IRET’s management, with the participation of the Company’s Chief Executive Officer and Chief Financial Officer, has evaluated the effectiveness of the Company’s disclosure controls and procedures (as such term is defined in Rule 13a-15(e) under the Securities Exchange Act of 1934, as amended) as of the end of the period covered by this report. Based on such evaluation, the Company’s Chief Executive Officer and Chief Financial Officer have concluded that, as of January 31, 2011, such disclosure controls and procedures were effective to ensure that information required to be disclosed by IRET in the reports that it files or submits under the Exchange Act is recorded, processed, summarized and reported within the time periods specified in the Commission’s rules and forms, and is accumulated and communicated to management, including the Company’s principal executive and principal financial officers, as appropriate to allow timely decisions regarding required disclosure.
 
Internal Control Over Financial Reporting: There have not been any changes in the Company’s internal control over financial reporting (as such term is defined in Rule 13a-15(f) under the Securities and Exchange Act of 1934, as amended) during the fiscal quarter to which this report relates that have materially affected, or are reasonably likely to materially affect, the Company’s internal control over financial reporting.
 


PART II — OTHER INFORMATION
 
Item 1. Legal Proceedings
 
In the course of our operations, we become involved in litigation.
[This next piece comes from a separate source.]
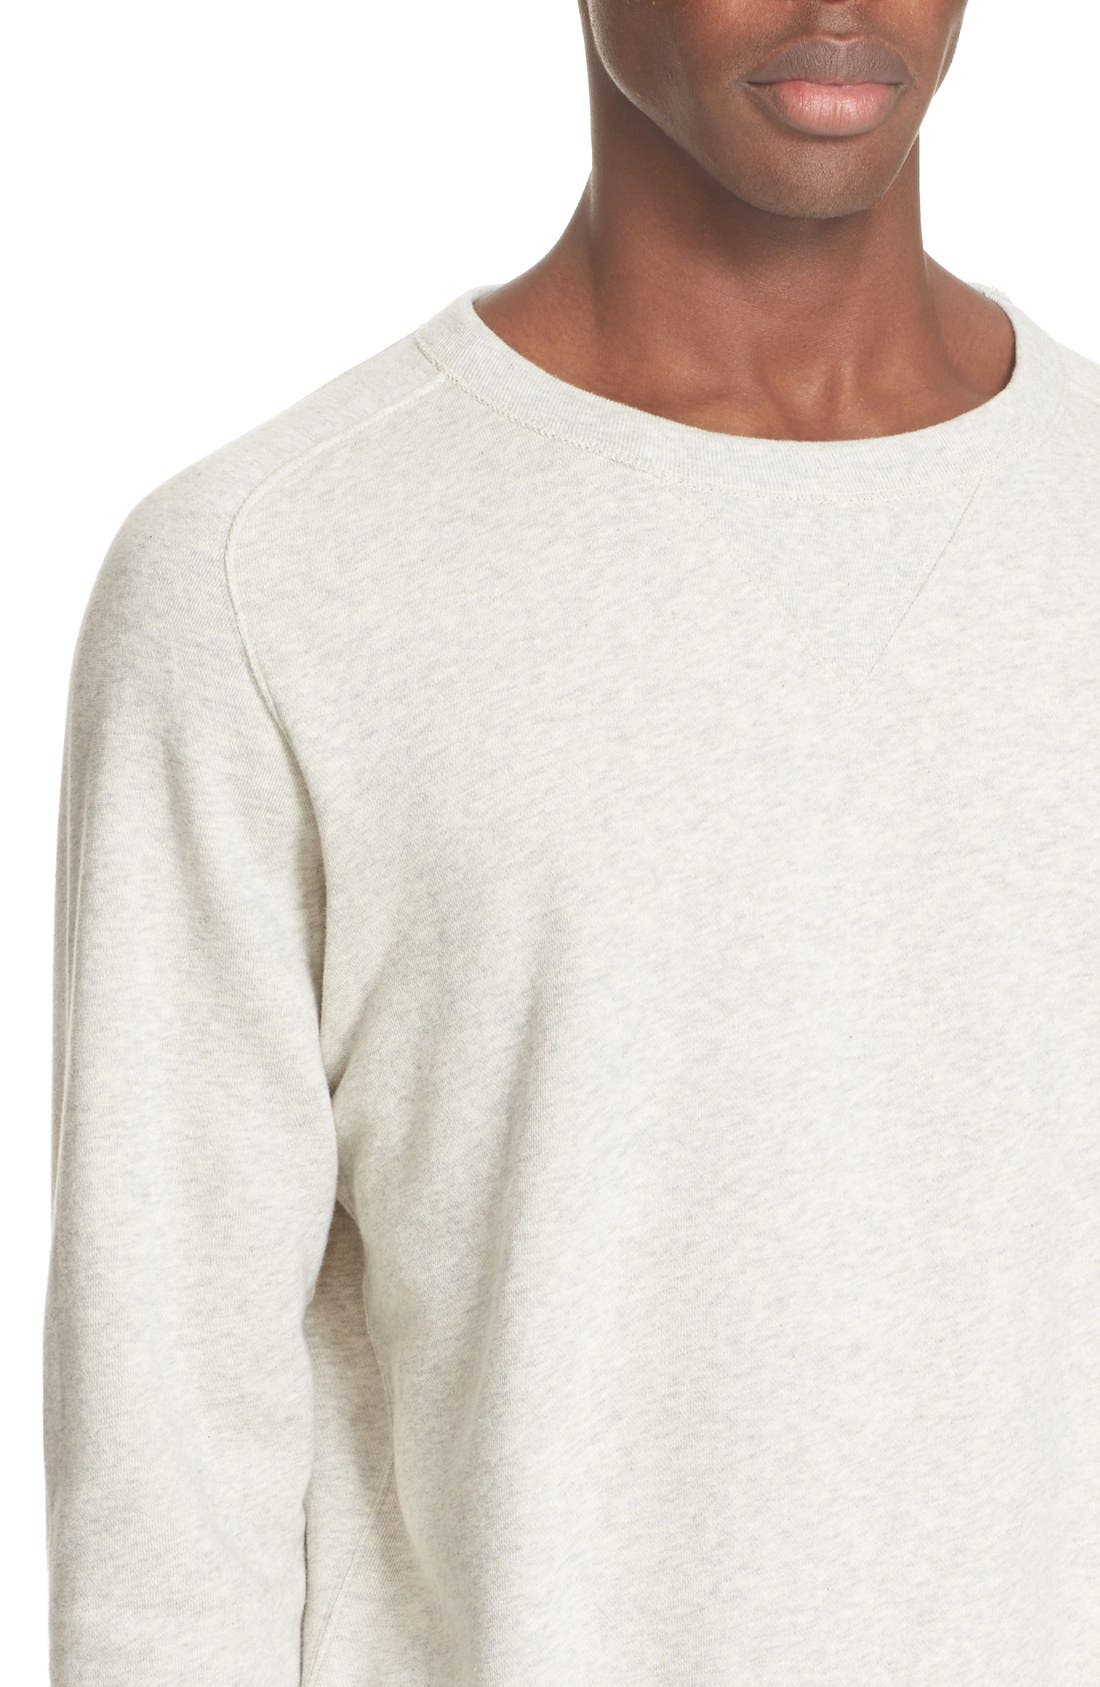 Bay Meadows Sweatshirt,                             Alternate thumbnail 4, color,                             White

At this time, we know of no pending or threatened proceedings that would have a material impact upon us.
 
Item 1A. Risk Factors
 
Important factors that could cause our actual results to be materially different from expectations expressed in forward-looking statements include the risk factors previously disclosed in our Annual Report on Form 10-K for the fiscal year ended April 30, 2010.
 
Item 2. Unregistered Sales of Equity Securities and Use of Proceeds
 
None
 
Item 3. Defaults Upon Senior Securities.
 
None
 
Item 4. Reserved.
 
Item 5. Other Information.
 
During the third quarter of fiscal year 2011, the Compensation Committee of the Board of Trustees of the Company approved an increase of 2.0%, effective as of December 27, 2010, in the annual base salaries of certain of the Company’s executive officers.  A table setting forth the annual base salary levels of the Company’s executive officers for calendar years 2011 and 2010 is filed as Exhibit 10 to this Quarterly Report on Form 10-Q, and is incorporated herein by reference.
Item 6. Exhibits
 
Exhibit No.
Description
10
Material Contracts
12
Calculation of Ratio of Earnings to Fixed Charges and Earnings to Combined Fixed Charges and Preferred Share Distributions
31.1
Certification by Chief Executive Officer pursuant to Section 302 of the Sarbanes-Oxley Act of 2002.
31.2
Certification by Chief Financial Officer pursuant to Section 302 of the Sarbanes-Oxley Act of 2002.
32
Certifications of Chief Executive Officer and Chief Financial Officer pursuant to 18 U.S.C. Section 1350, as adopted pursuant to Section 906 of the Sarbanes-Oxley Act of 2002.




Signatures
 
Pursuant to the requirements of the Securities Exchange Act of 1934, the registrant has duly caused this report to be signed on its behalf by the undersigned, thereunto duly authorized.
 
INVESTORS REAL ESTATE TRUST
(Registrant)
 
/s/ Timothy P. Mihalick
Timothy P. Mihalick
President and Chief Executive Officer
 
/s/ Diane K. Bryantt
Diane K. Bryantt
Senior Vice President and Chief Financial Officer
 
Date: March 14, 2011


 
Exhibit Index
 

Exhibit No.
Description
10
Material Contracts
12
Calculation of Ratio of Earnings to Fixed Charges and Earnings to Combined Fixed Charges and Preferred Share Distributions
31.1
Certification by Chief Executive Officer pursuant to Section 302 of the Sarbanes-Oxley Act of 2002.
31.2
Certification by Chief Financial Officer pursuant to Section 302 of the Sarbanes-Oxley Act of 2002.
32
Certifications of Chief Executive Officer and Chief Financial Officer pursuant to 18 U.S.C. Section 1350, as adopted pursuant to Section 906 of the Sarbanes-Oxley Act of 2002.